Default package location
Python by default uses the user site package first and packages provided by
module
last to not interfere with your installation. If you want to skip
packages installed in your site-packages folder (in your /home directory), you
have to start Python with the -s
flag.
To check which package is loaded at import, you can print package.__file__
to get the full path of the package.
Example:
module load pytorch/1.5.0
python -c 'import torch;print(torch.__file__)'
home/mila/my_home/.local/lib/python3.7/site-packages/torch/__init__.py <== package from your own site-package
Now with the -s
flag:
module load pytorch/1.5.0
python -s -c 'import torch;print(torch.__file__)'
cvmfs/ai.mila.quebec/apps/x86_64/debian/pytorch/python3.7-cuda10.1-cudnn7.6-v1.5.0/lib/python3.7/site-packages/torch/__init__.py'
On using containers
Another option for creating portable code is Using containers on clusters.

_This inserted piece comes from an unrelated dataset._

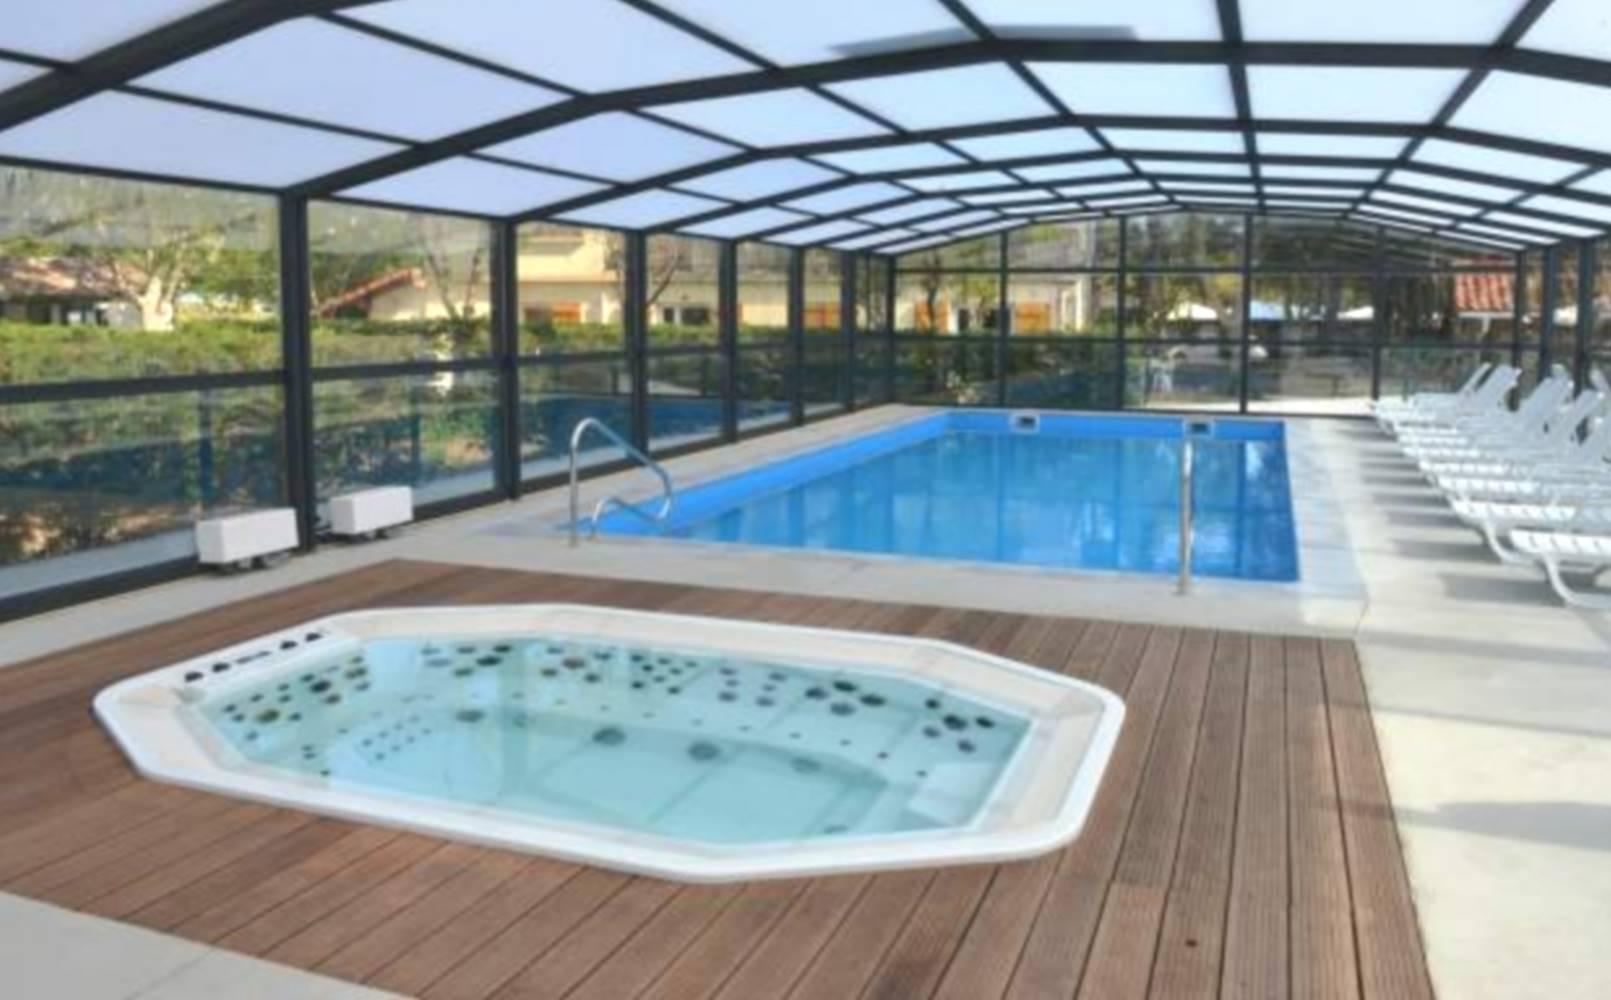 TY FOUKENN - location insolite grande piscine (location-morbihan-sud.com) ©

Containers are a popular approach at deploying applications by packaging a lot of the required dependencies together. The most popular tool for this is Docker, but Docker cannot be used on the Mila cluster (nor the other clusters from Digital Research Alliance of Canada).
One popular mechanism for containerisation on a computational cluster is called Singularity. This is the recommended approach for running containers on the Mila cluster. See section Singularity for more details.
Singularity
Overview
What is Singularity?
Running Docker on SLURM is a security problem (e.g. running as root, being able to mount any directory). The alternative is to use Singularity, which is a popular solution in the world of HPC.
There is a good level of compatibility between Docker and Singularity, and we can find many exaggerated claims about able to convert containers from Docker to Singularity without any friction. Oftentimes, Docker images from DockerHub are 100% compatible with Singularity, and they can indeed be used without friction, but things get messy when we try to convert our own Docker build files to Singularity recipes.
Links to official documentation
official Singularity user guide (this is the one you will use most often)
official Singularity admin guide
Overview of the steps used in practice
Most often, the process to create and use a Singularity container is:
on your Linux computer (at home or work)
select a Docker image from DockerHub (e.g. pytorch/pytorch)
make a recipe file for Singularity that starts with that DockerHub image
build the recipe file, thus creating the image file (e.g.
my-pytorch-image.sif
)test your singularity container before send it over to the cluster
rsync -av my-pytorch-image.sif <login-node>:Documents/my-singularity-images
on the login node for that cluster
queue your jobs with
sbatch ...
(note that your jobs will copy over the
my-pytorch-image.sif
to $SLURM_TMPDIR and will then launch Singularity with that image)do something else while you wait for them to finish
queue more jobs with the same
my-pytorch-image.sif
, reusing it many times over
In the following sections you will find specific examples or tips to accomplish in practice the steps highlighted above.
Nope, not on MacOS
Singularity does not work on MacOS, as of the time of this writing in 2021. Docker does not actually run on MacOS, but there Docker silently installs a virtual machine running Linux, which makes it a pleasant experience, and the user does not need to care about the details of how Docker does it.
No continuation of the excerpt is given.